Concurrent drug therapy issues

• Drug-drug interactions: Potentially significant interactions may exist, requiring dose or frequency adjustment, additional monitoring, and/or selection of alternative therapy. Consult drug interactions database for more detailed information.

Special handling:

• Hazardous agent: Use appropriate precautions for handling and disposal (NIOSH 2014 [group 1]).

Monitoring Parameters

CBC with differential (baseline and weekly), serum chemistries, including renal and liver function tests (prior to the first and fourth doses in each cycle); mucositis severity (baseline and weekly); monitor for signs of tumor lysis syndrome and for dermatologic reactions

Pregnancy Risk Factor

D

Pregnancy Considerations

Adverse effects were observed in animal reproduction studies. May cause fetal harm if administered to a pregnant woman.

Patient Education

• Discuss specific use of drug and side effects with patient as it relates to treatment. (HCAHPS: During this hospital stay, were you given any medicine that you had not taken before? Before giving you any new medicine, how often did hospital staff tell you what the medicine was for? How often did hospital staff describe possible side effects in a way you could understand?)

• Patient may experience nausea, vomiting, lack of appetite, abdominal pain, pharyngitis, back pain, constipation, diarrhea, or night sweats. Have patient report immediately to prescriber signs of infection, signs of bleeding (vomiting blood or vomit that looks like coffee grounds; coughing up blood; hematuria; black, red, or tarry stools; bleeding from the gums; abnormal vaginal bleeding; bruises without a reason or that get bigger; or any severe or persistent bleeding), signs of liver problems (dark urine, fatigue, lack of appetite, nausea, abdominal pain, light-colored stools, vomiting, or jaundice), signs of fluid and electrolyte problems (mood changes, confusion, muscle pain or weakness, abnormal heartbeat, severe dizziness or passing out, tachycardia, increased thirst, seizures, severe loss of strength and energy, lack of appetite, urinary retention or change in the amount of urine passed, dry mouth, dry eyes, or nausea or vomiting), shortness of breath, severe mouth sores, pale skin, edema, severe loss of strength and energy, signs of toxic epidermal necrolysis (red, swollen, blistered, or peeling skin [with or without fever]; red or irritated eyes; or sores in mouth, throat, nose, or eyes), or signs of tumor lysis syndrome (tachycardia or abnormal heartbeat; any passing out; urinary retention; muscle weakness or cramps; nausea, vomiting, diarrhea or lack of appetite; or feeling sluggish) (HCAHPS).
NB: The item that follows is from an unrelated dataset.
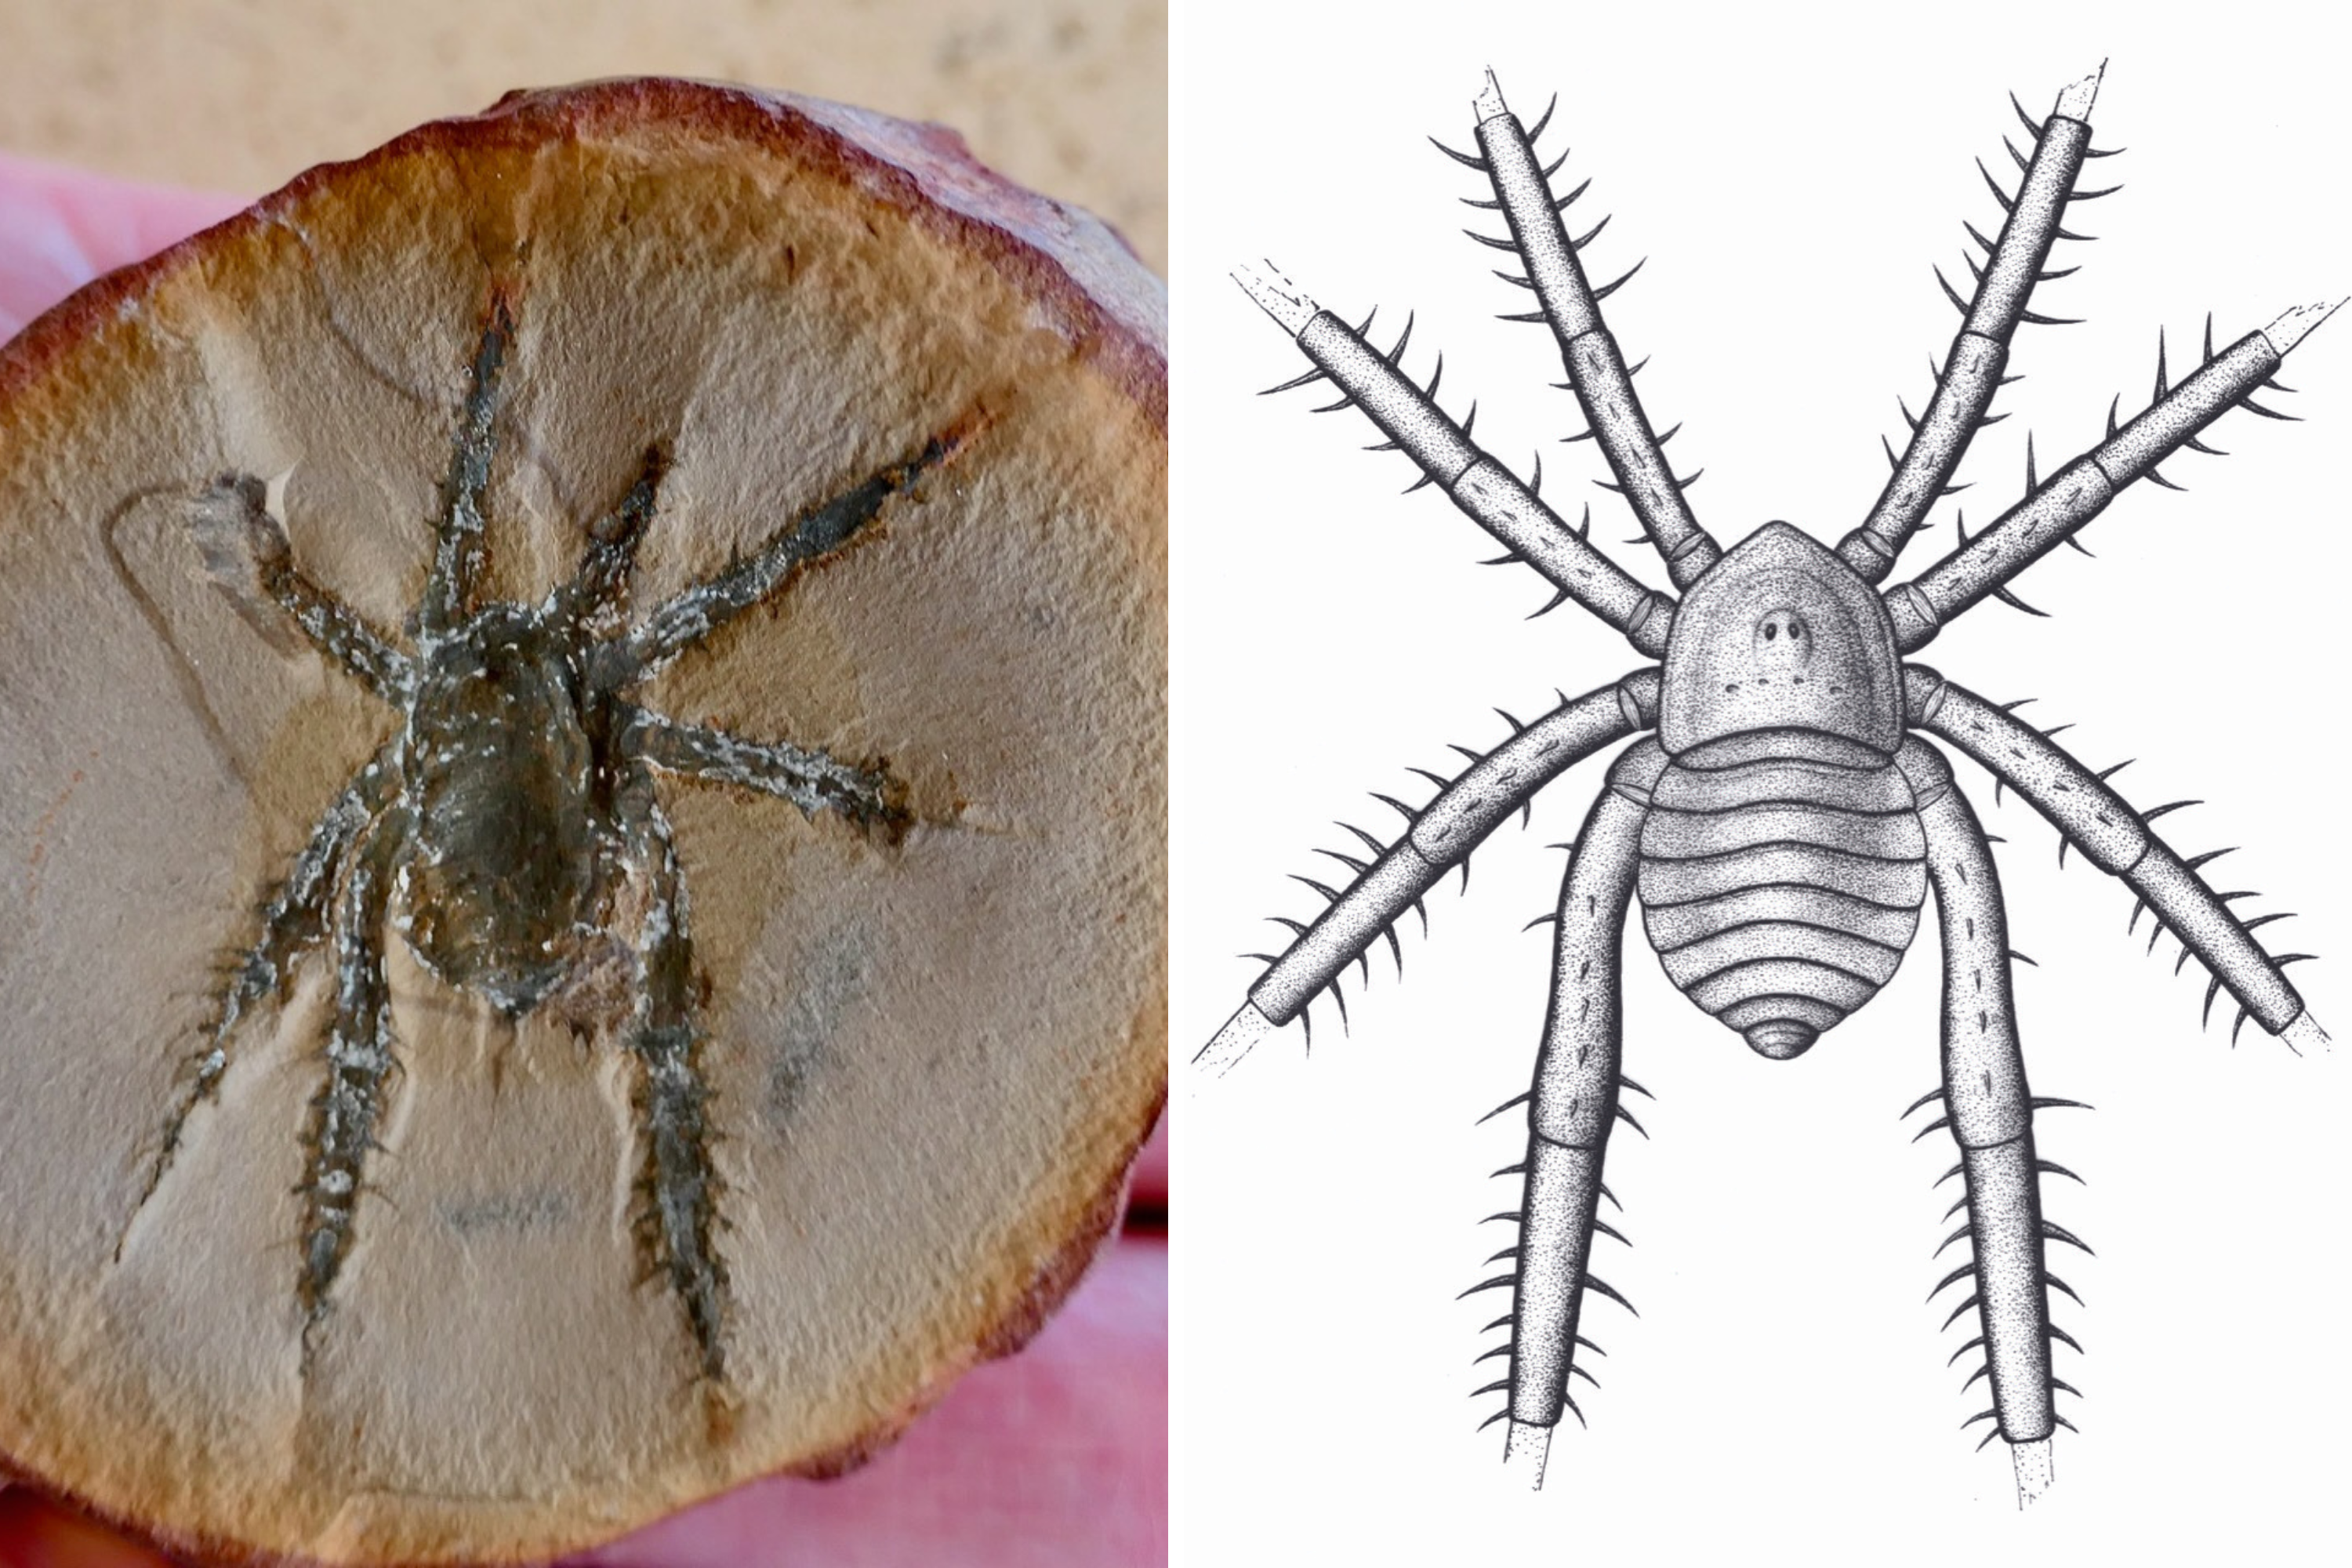 Découverte d’un arachnide préhistorique à pattes épineuses de l’Illinois

• Educate patient about signs of a significant reaction (eg, wheezing; chest tightness; fever; itching; bad cough; blue skin color; seizures; or swelling of face, lips, tongue, or throat). Note: This is not a comprehensive list of all side effects. Patient should consult prescriber for additional questions.

Intended Use and Disclaimer: Should not be printed and given to patients. This information is intended to serve as a concise initial reference for health care professionals to use when discussing medications with a patient. You must ultimately rely on your own discretion, experience, and judgment in diagnosing, treating, and advising patients.